## [PROBLEM]
In the answer, transcribe exactly the lines from the beginning of the material through the line holding "A lighted black", and skip every picture.

## [RAW DATA]

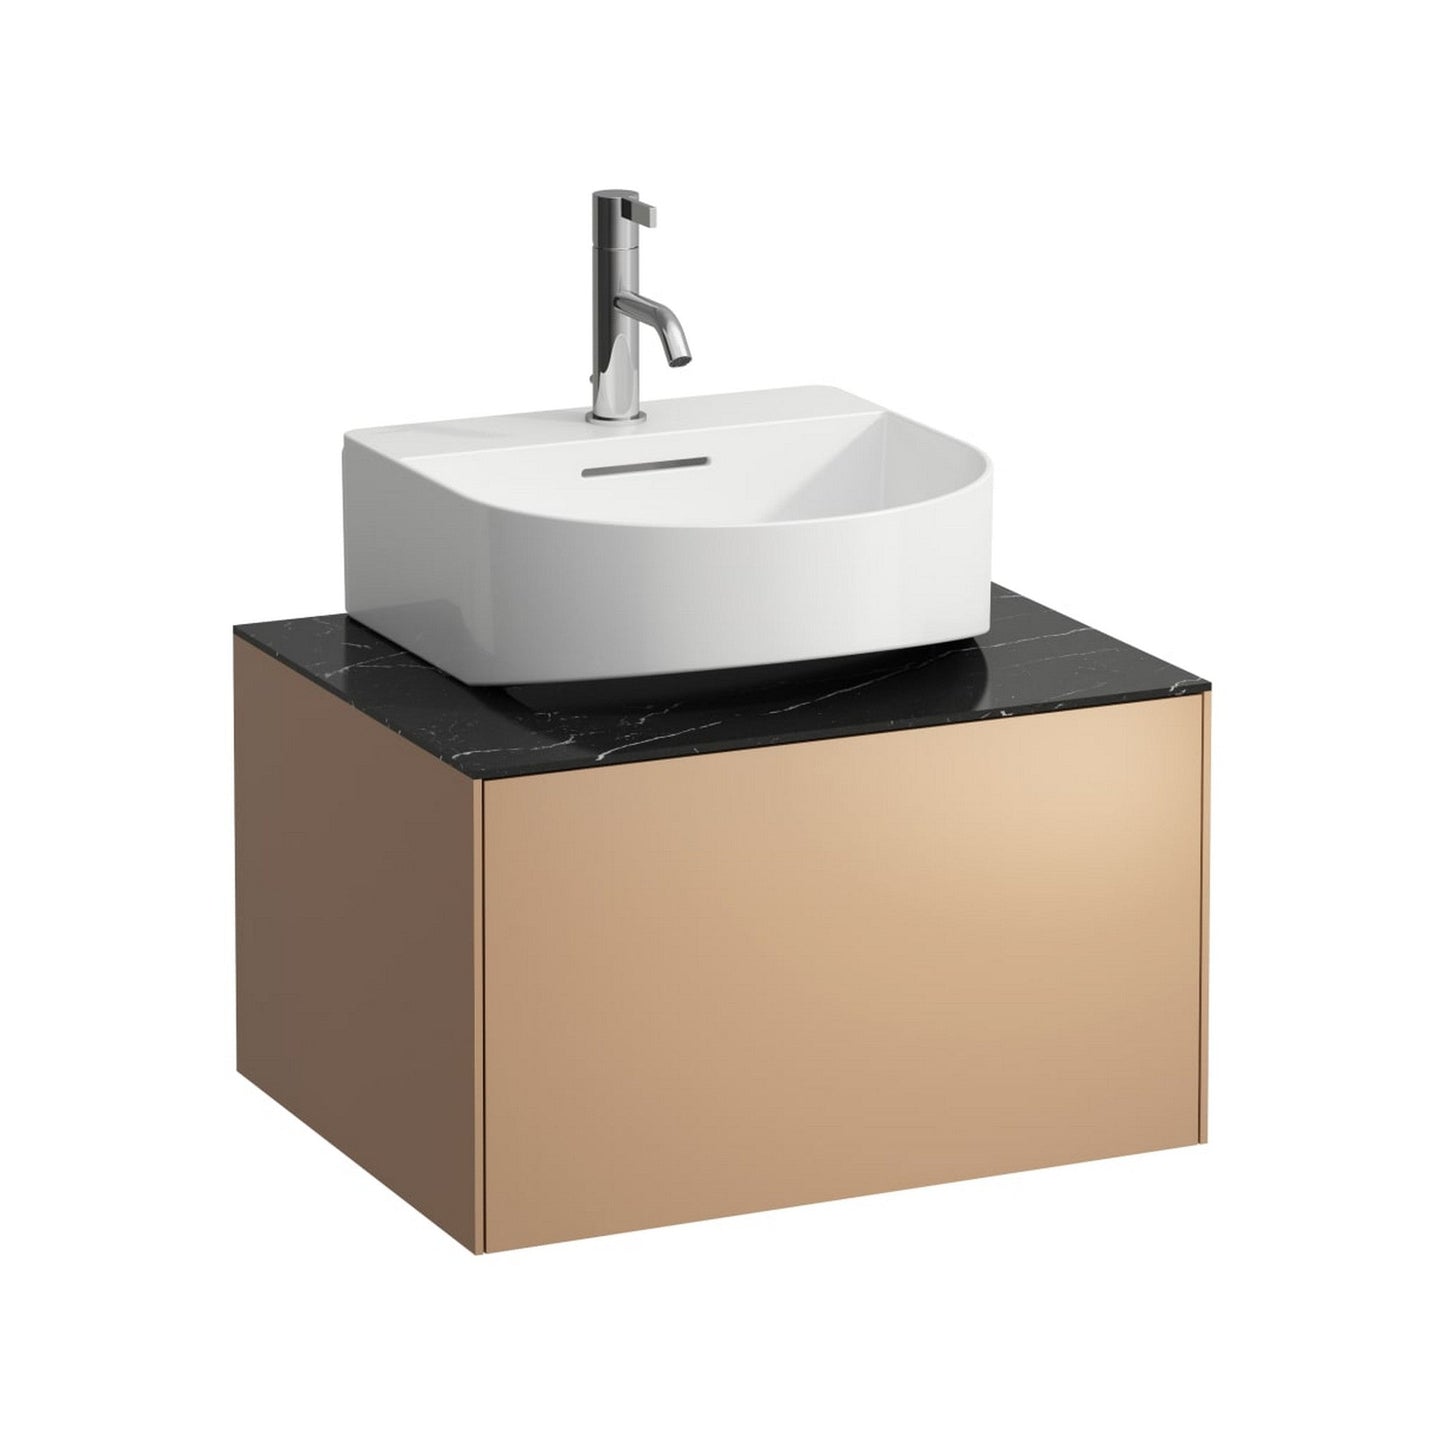 Laufen Sonar 23" 1-Drawer Copper Wall-Mounted Vanity With Nero Marquina Marble Top, Center Sink Cut-out for Sonar Bathroom Sink Model: H816341
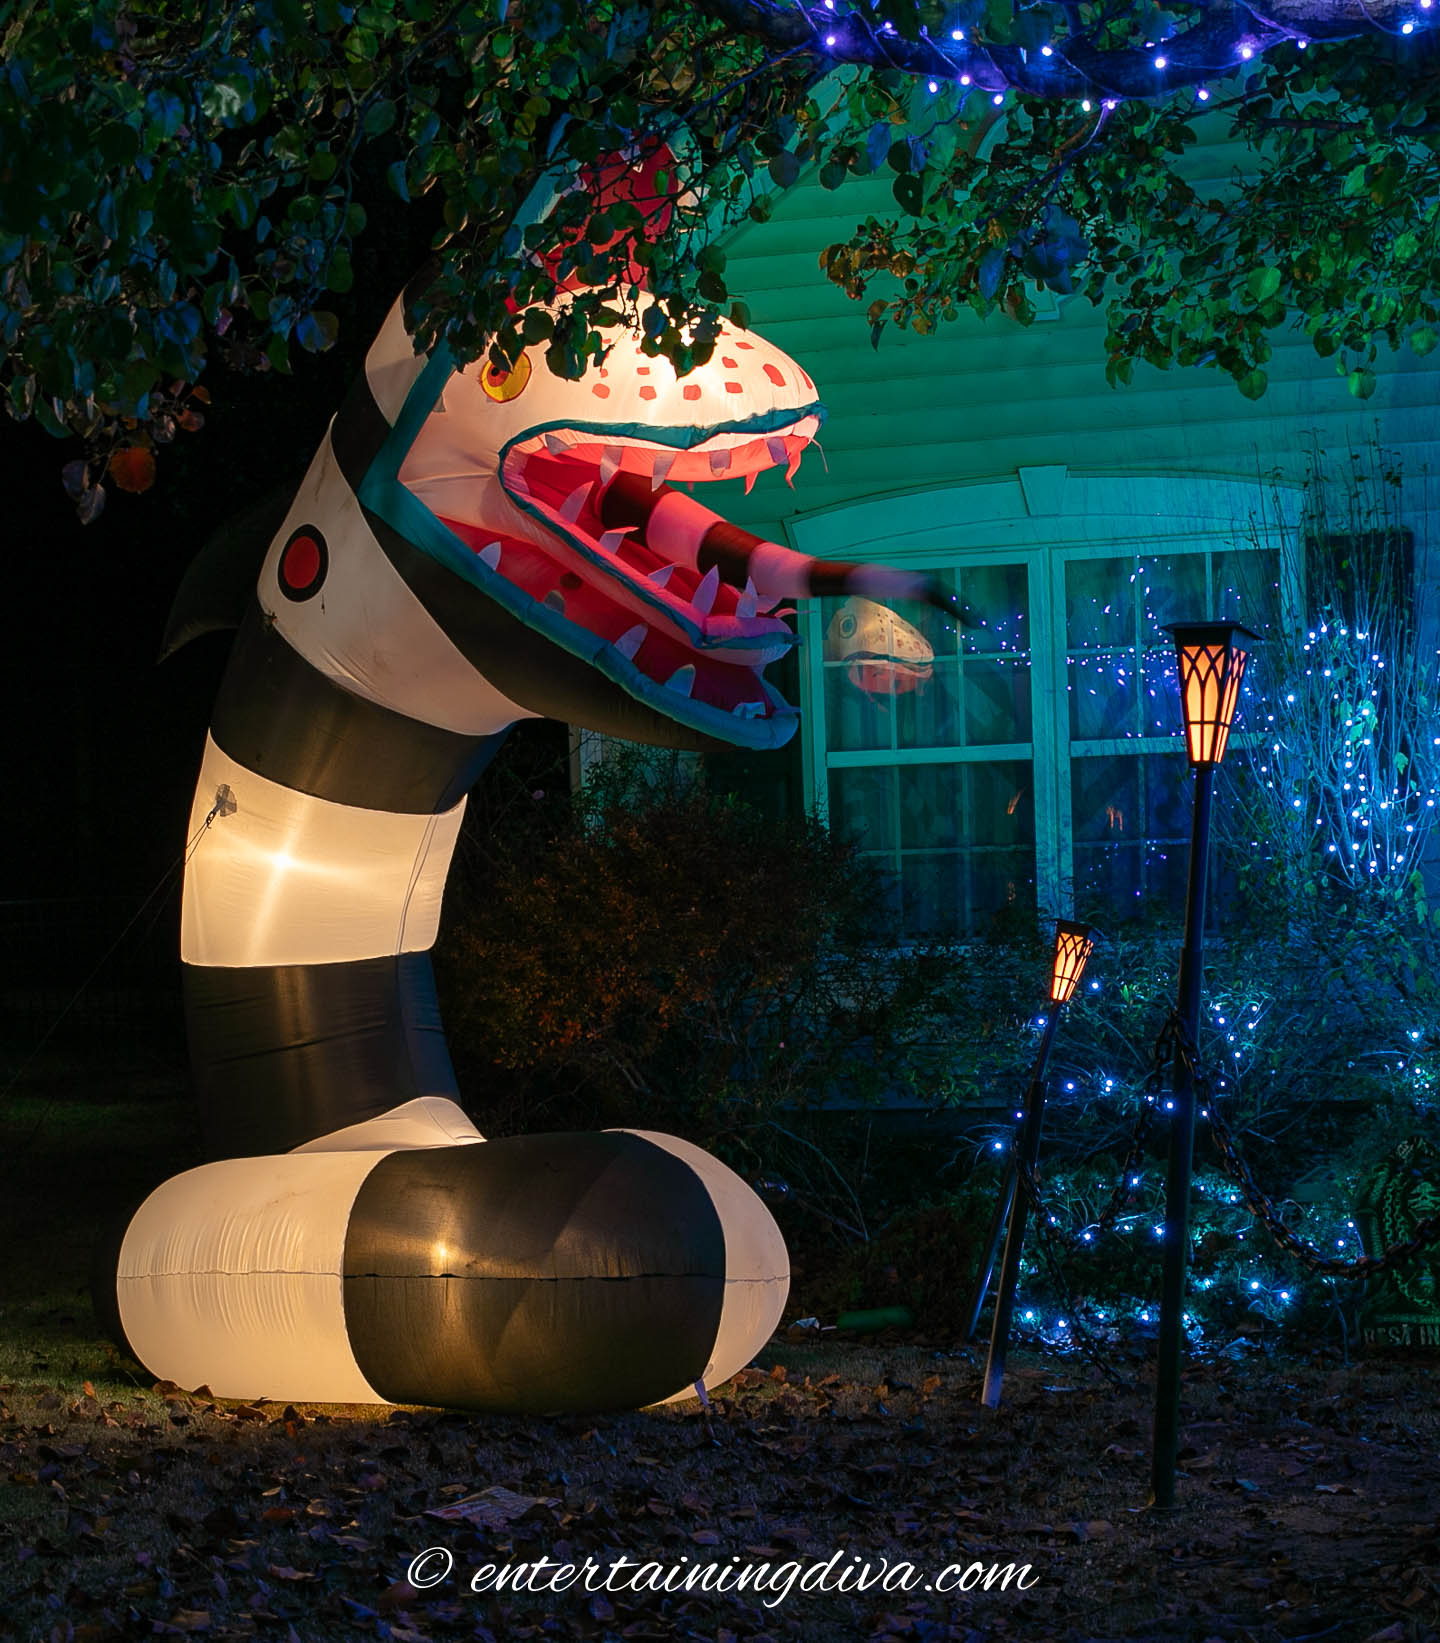 A lighted black and white striped inflatable sandworm perfect for Halloween outdoor decorating.
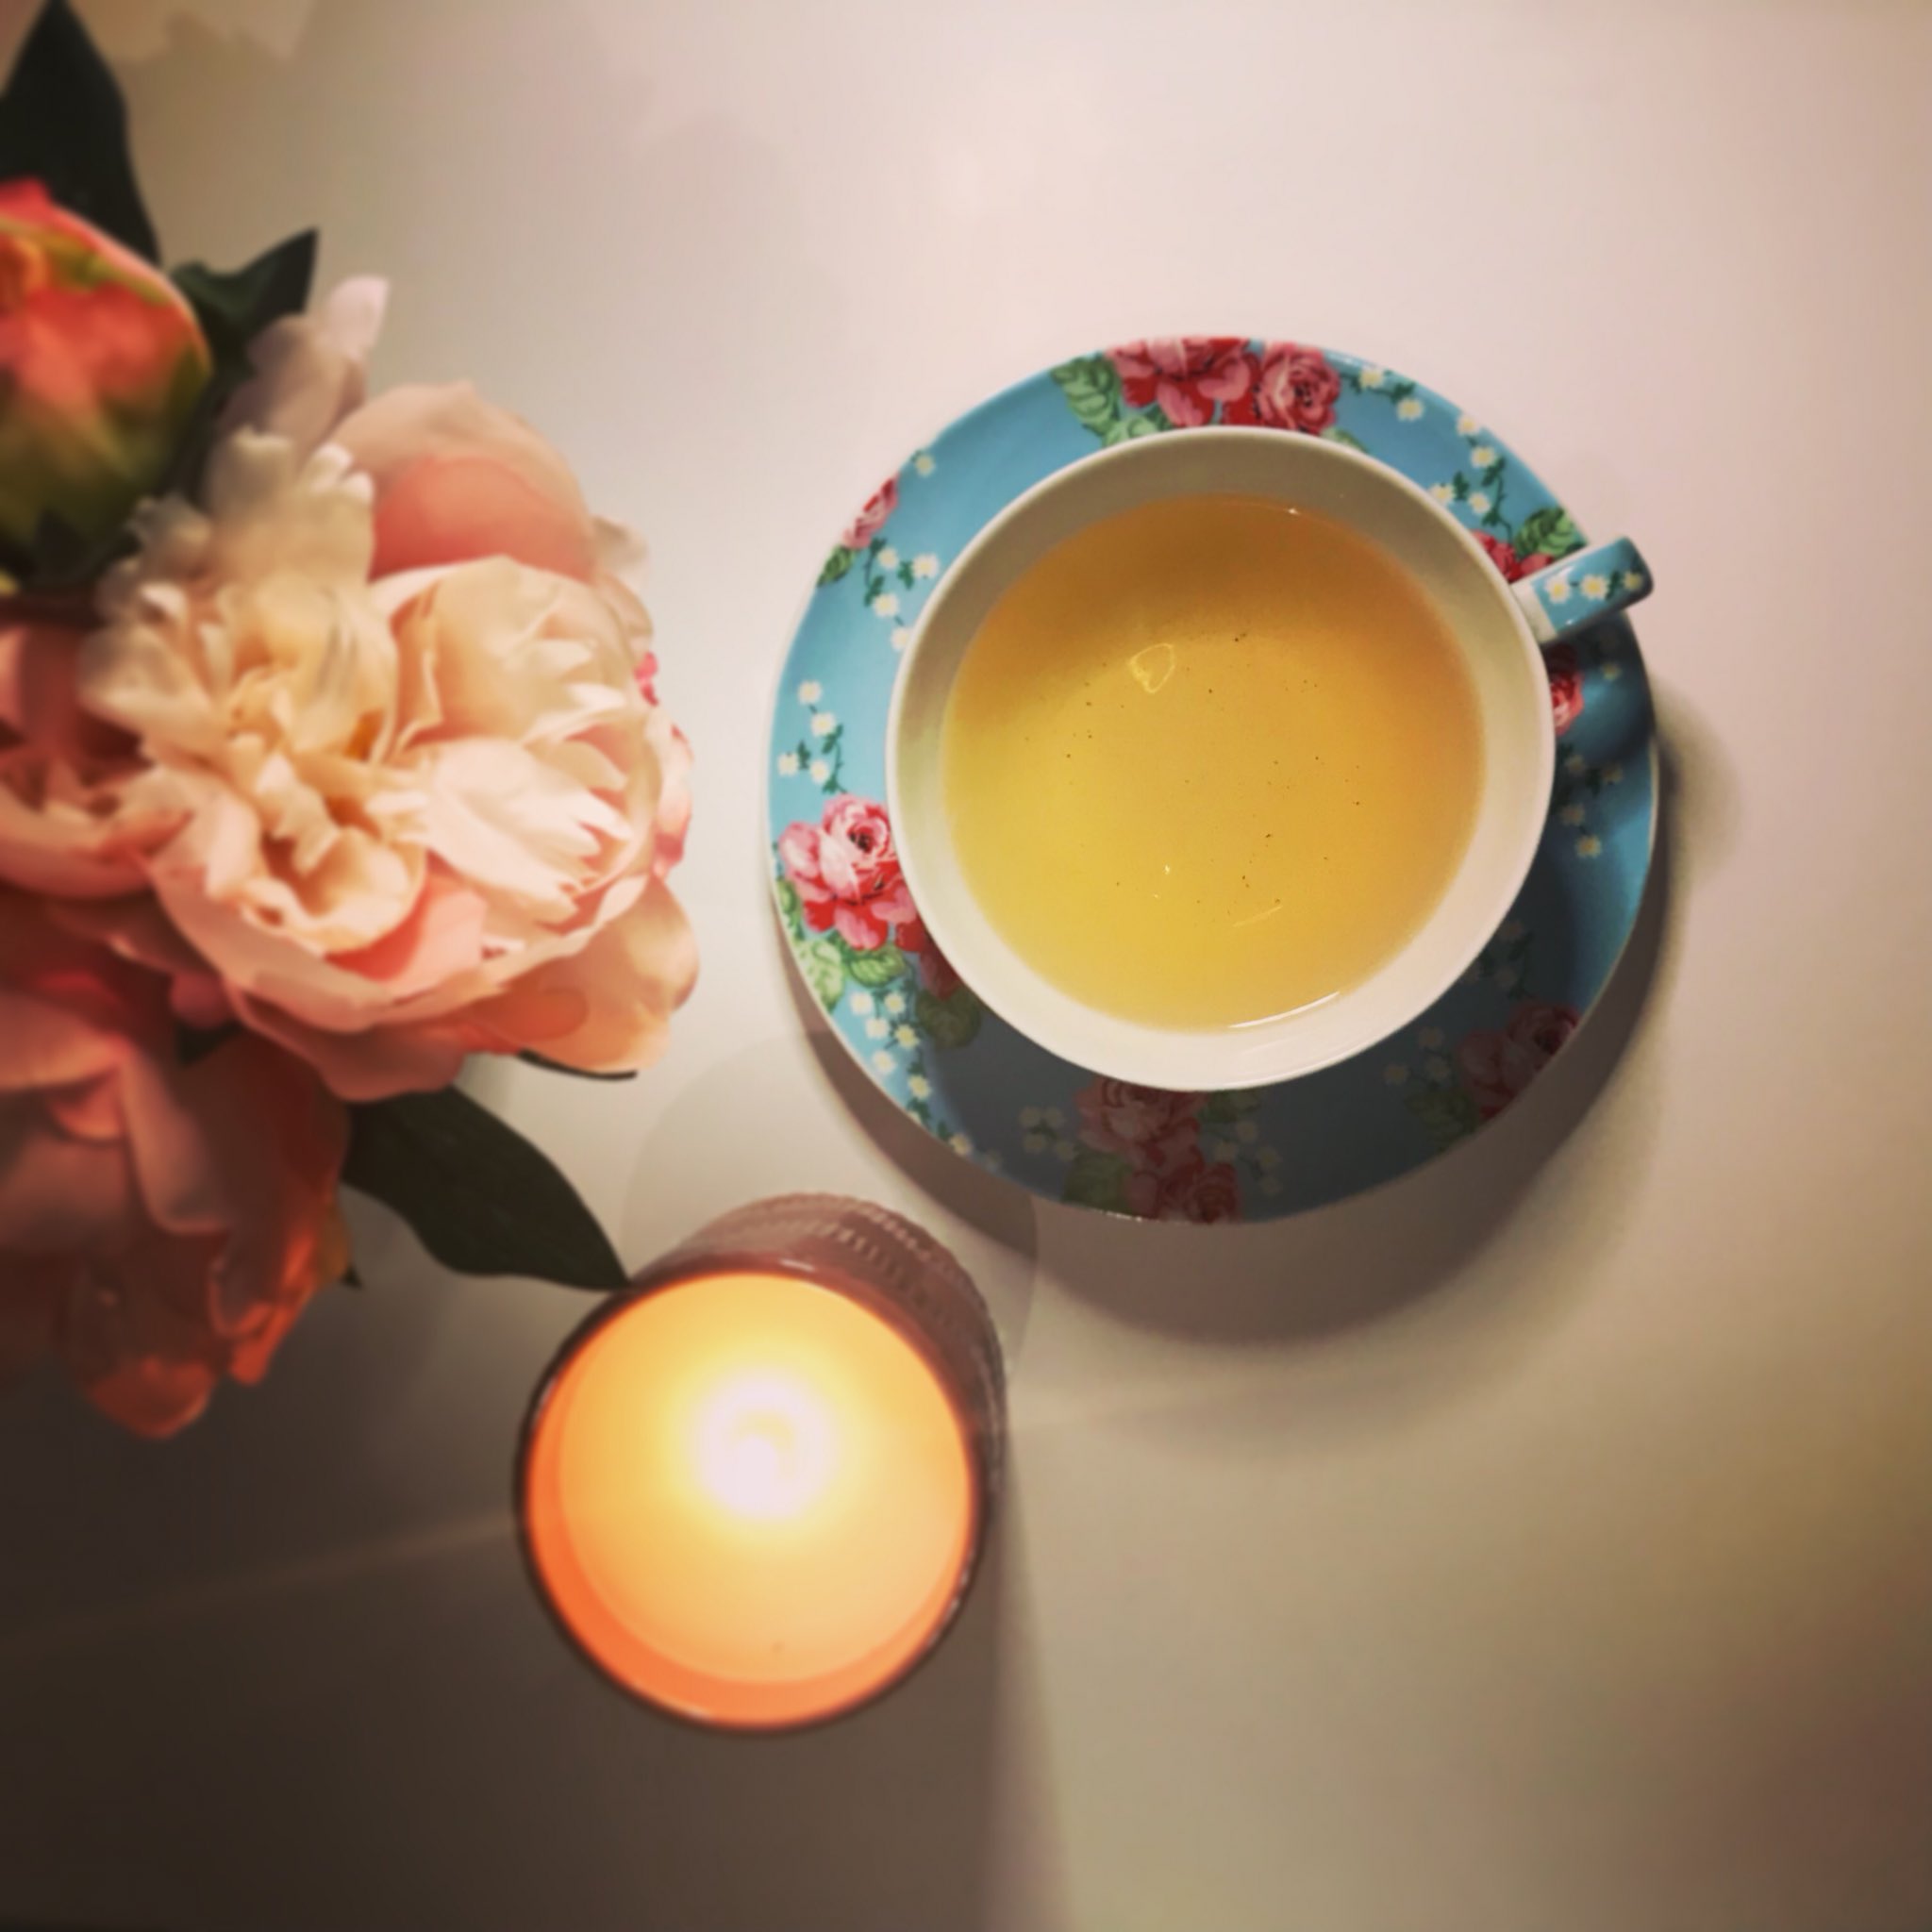 Rebecca on X: Mariage Frères Milky Blue. This is one of my favourites, it  smells very milky and the taste is creamy and sweet. #mariagefreres  #milkyblue #bluetea #flowers #roses #teacup #candle #teatime #

## [TASK RESPONSE]
 Laufen Sonar 23" 1-Drawer Copper Wall-Mounted Vanity With Nero Marquina Marble Top, Center Sink Cut-out for Sonar Bathroom Sink Model: H816341
 A lighted black and white striped inflatable sandworm perfect for Halloween outdoor decorating.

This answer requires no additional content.